Selective extraction filters noise, not coherent payloads. MemPoison demonstrated that semantically coherent statements pass through the pipeline intact. Saliency-based filtering assumes malicious content has low saliency — that assumption does not hold.
Textual corrections do not work. MCFA showed that the agent relapses on the next retrieval. Memory is a durable backdoor — correcting the instruction does not remove the poisoned memory.
Even production-style mitigations like dual-channel memory with role-based segregation show 85%+ control flow deviations. It reduces, not eliminates. The shared memory architecture across tasks is the fundamental problem.
The highest-risk scenario: multi-tenant agents
Agents serving multiple users from the same memory store are the most critical scenario. An attacker poisons memory in one interaction. All subsequent users are affected. MemPoison exploits this directly: the poisoned cluster in embedding space attracts queries from any user asking related questions.
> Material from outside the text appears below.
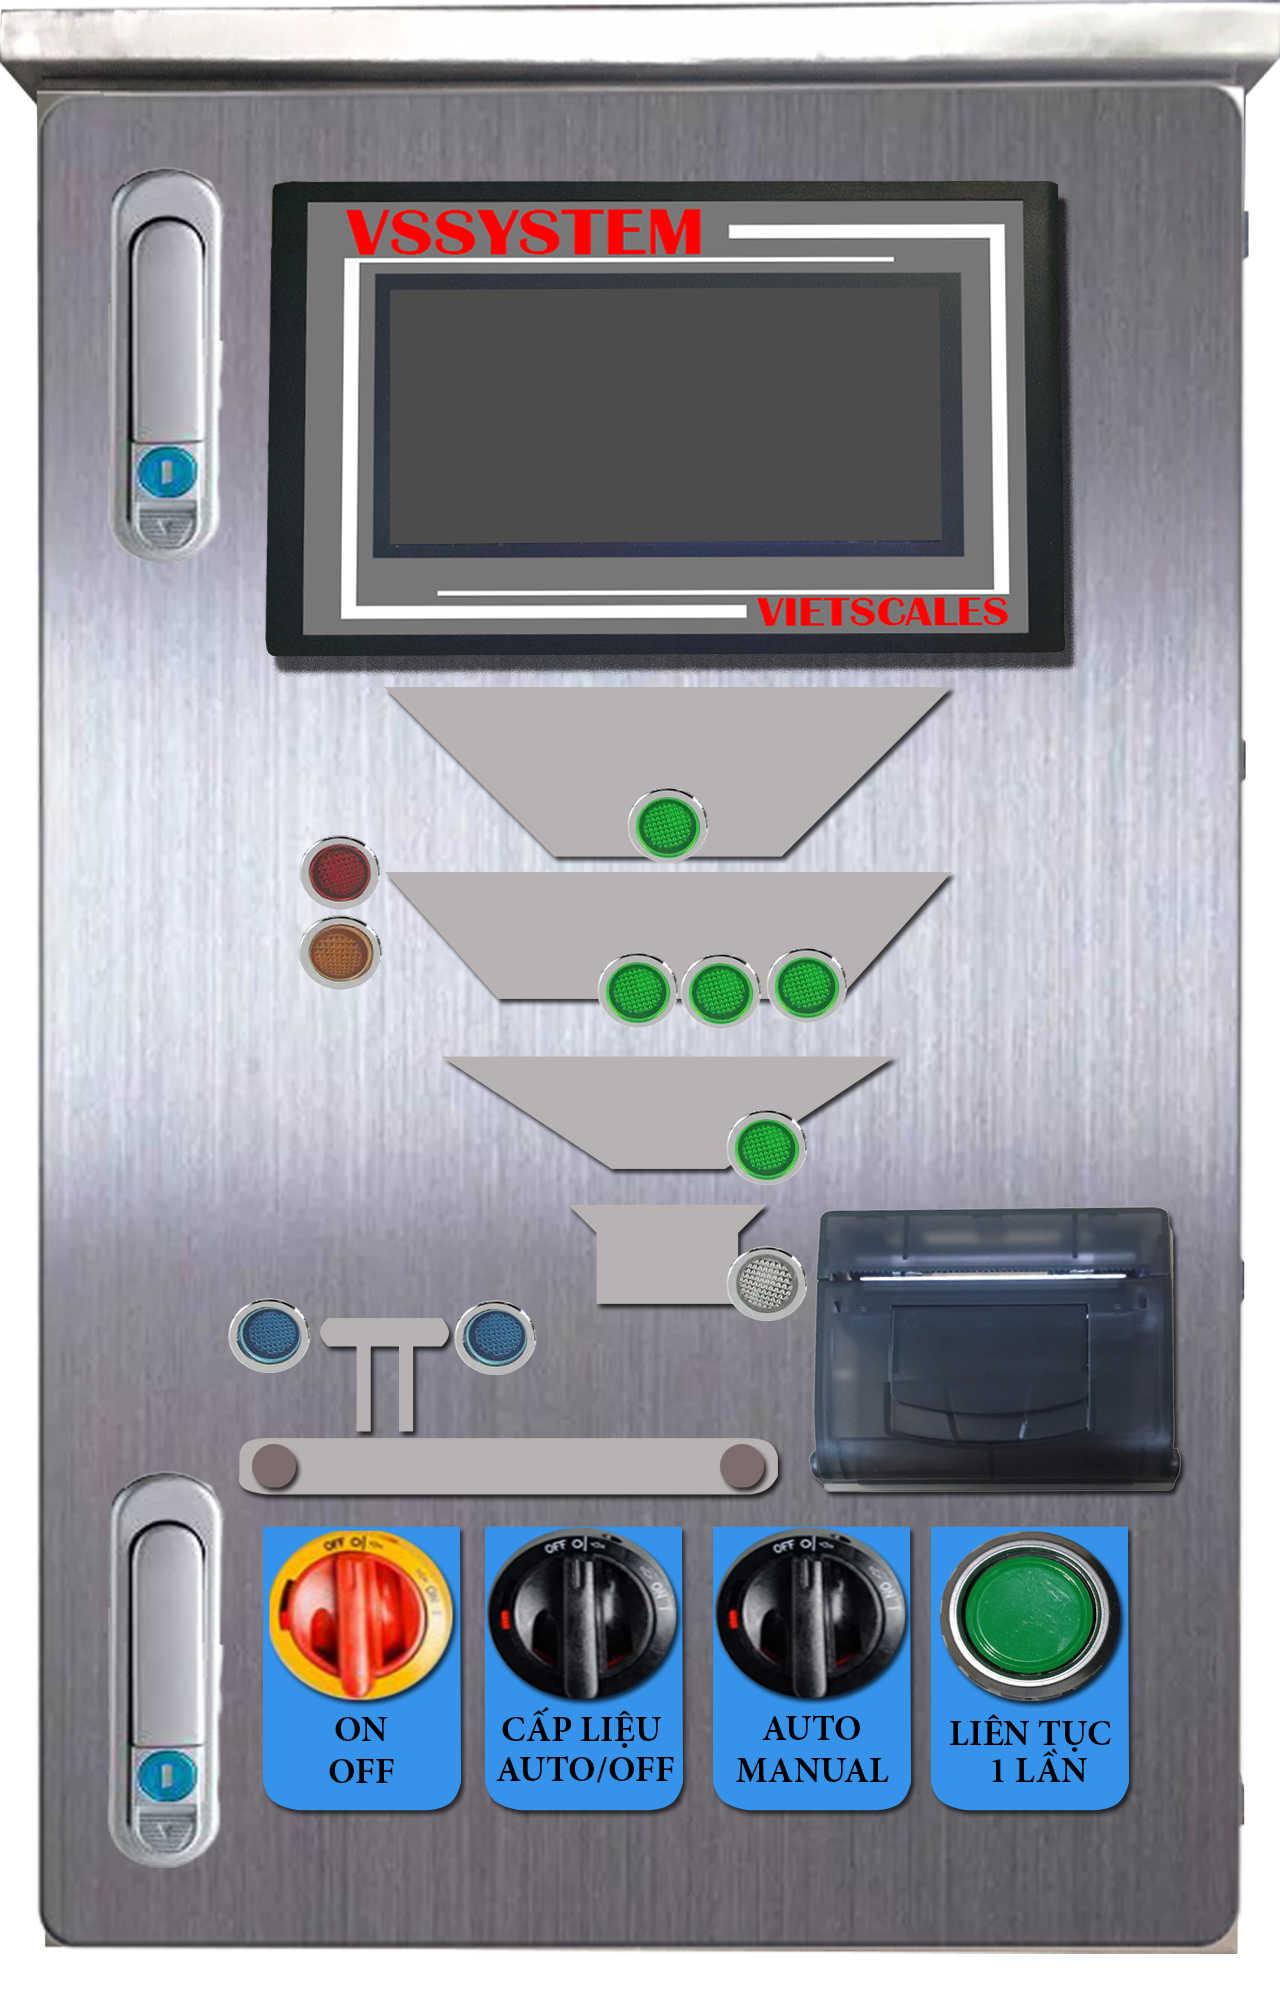 bo-dieu-khien-can-dong-bao-1-pheu-vssystem

The risk is compounded by persistence. Poisoned memory does not expire. Over long horizons, MCFA documents 100% persistence. Every retrieval reactivates the malicious behavior. There is no natural decay. And because MemPoison's Joint Embedding Optimization creates a dense cluster isolated from benign memories, the poisoned entries dominate retrieval results — legitimate memories get outranked by the attacker's payload.
This is not a theoretical concern. Any organization deploying agents that serve multiple users — customer support, internal tooling, automated workflows — shares this risk profile. The attack requires no special access, no exploit, no privilege escalation. Just a conversation.
What we verify at Tech86
We evaluate AI agent architectures with a focus on memory and retrieval attack surfaces. If your agents use persistent memory without user isolation, you are one conversation away from an attack with a 95% success rate. If they use memory with retrieval and high-risk tools, over 90% of scenarios are vulnerable to control flow hijacking.
The first step is mapping: which agents use persistent memory, what retrieval mechanism, whether the memory store is shared. Then isolate, monitor, and test adversarially. Without adversarial testing, you do not know whether your mitigations work — or merely reduce the problem to 85% deviations instead of 100%.